Witana v Police
[2014] NZHC 1963
•20 August 2014
IN THE HIGH COURT OF NEW ZEALAND AUCKLAND REGISTRY
CRI-2014-404-000076 [2014] NZHC 1963
BETWEEN EZEKIEL WITANA
Appellant
AND
NEW ZEALAND POLICE Respondent
Hearing: 28 July 2014 Counsel:
J C Harder for the Appellant
R N Thompson for the RespondentJudgment:
20 August 2014
JUDGMENT OF DUFFY J [re Appeal Against Sentence]
This judgment was delivered by Justice Duffy on 20 August 2014 at 12.00 pm, pursuant to
r 11.5 of the High Court Rules
Registrar/Deputy Registrar
Date:
Solicitors: Public Defence Service, Auckland
Meredith Connell, Auckland
WITANA v POLICE [2014] NZHC 1963 [20 August 2014]
[1] This is an appeal against a refusal of Judge Harvey on 13 February 2014 to exercise his discretion under s 94 of the Land Transport Act 1998 to impose a community-based sentence, rather than disqualify the appellant from driving.
[2] The appellant, Mr Witana, was convicted of the charge of aggravated driving while disqualified.
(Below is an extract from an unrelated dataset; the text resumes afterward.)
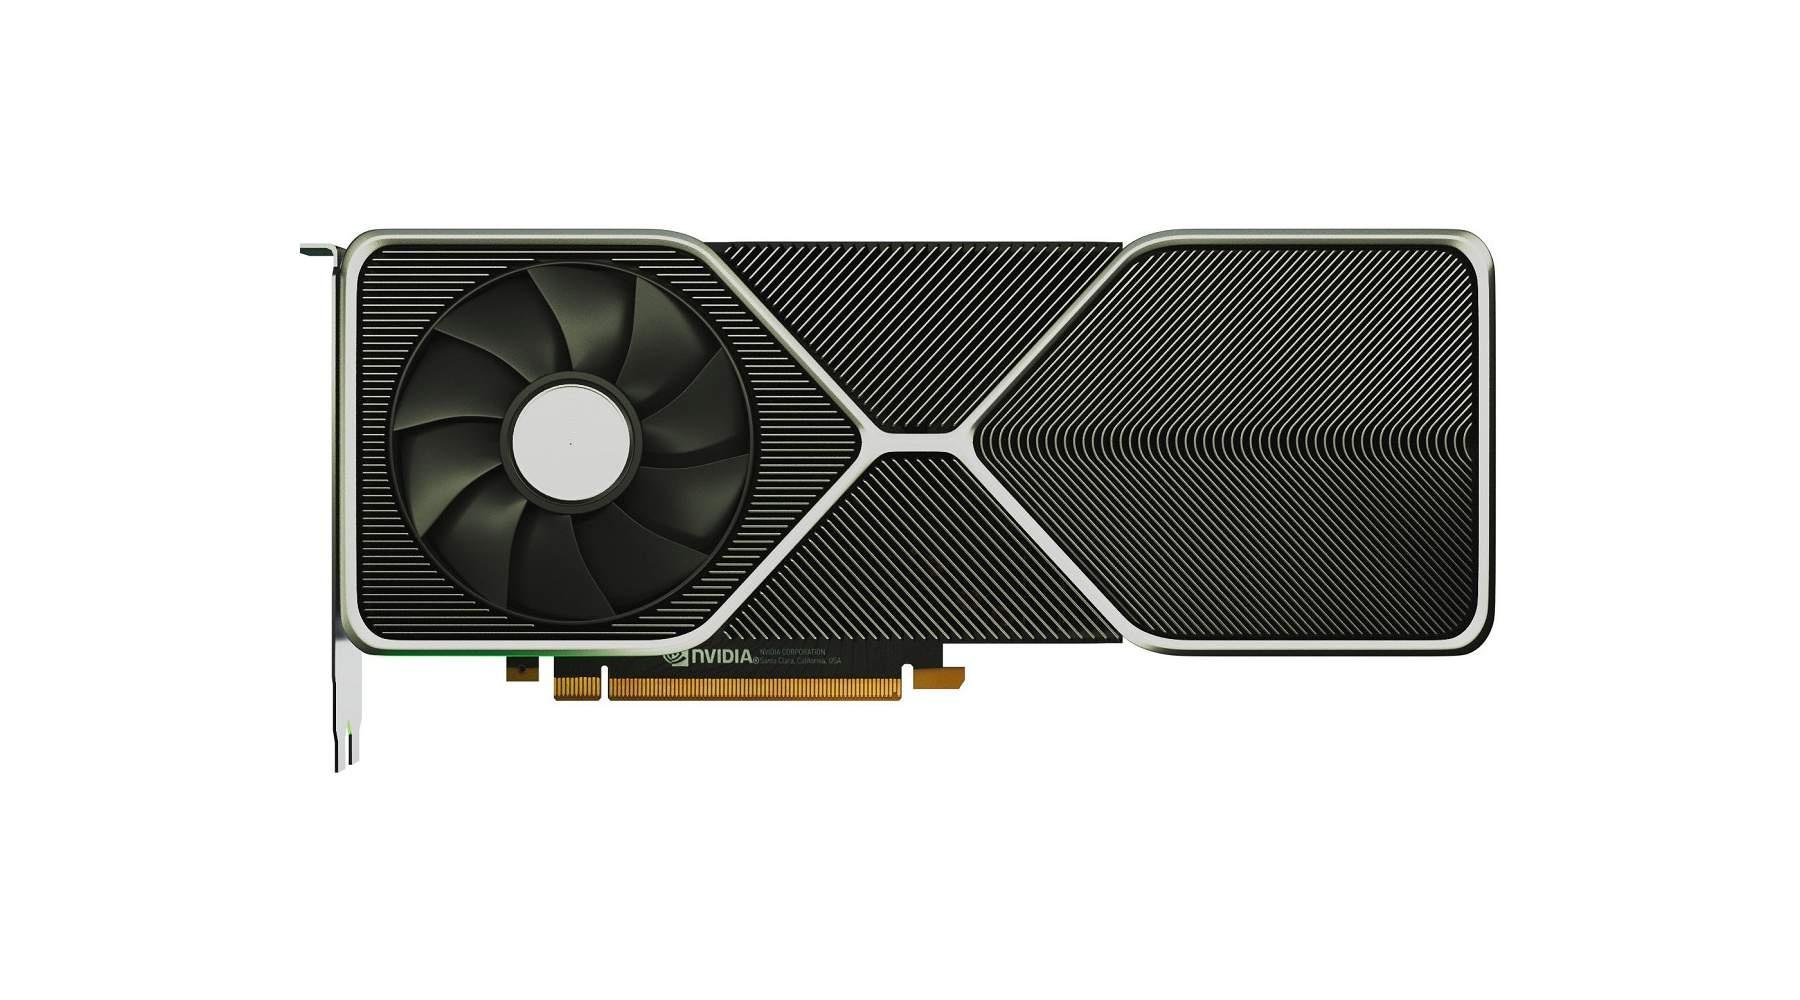 Видеокарты NVIDIA GeForce RTX 3000 покажут31 августа? (Обновлено)

This was the appellant’s third incident of driving while disqualified. Judge Harvey sentenced the appellant to 80 hours of community work and disqualified him from driving for a year.
Facts
[3] The appellant was first disqualified from driving, following his conviction for driving with an excess breath/blood alcohol level on 11 March 2011. On that occasion he was disqualified from driving for a period of six months from 11 March
2011. He completed this period of disqualification without incident.
[4] On 9 October 2012, following his second conviction for driving with an excess breath/blood alcohol level, he was disqualified from driving for a period of seven months. This time things did not go so well. On 15 March 2013, which was within the period of disqualification, he was apprehended driving a motor vehicle. On the charge of driving while disqualified, he was fined $300, together with Court costs, and disqualified from driving for a period of six months, commencing on 8 May 2013. The disqualification commenced at this time because it had to follow on from the expiry of the earlier period of disqualification.
[5] On 15 August 2013, the appellant was convicted again of driving while disqualified. On this occasion, his driving was otherwise innocuous. He was sentenced to 40 hours’ community work and disqualified from driving for six months from 8 November 2013.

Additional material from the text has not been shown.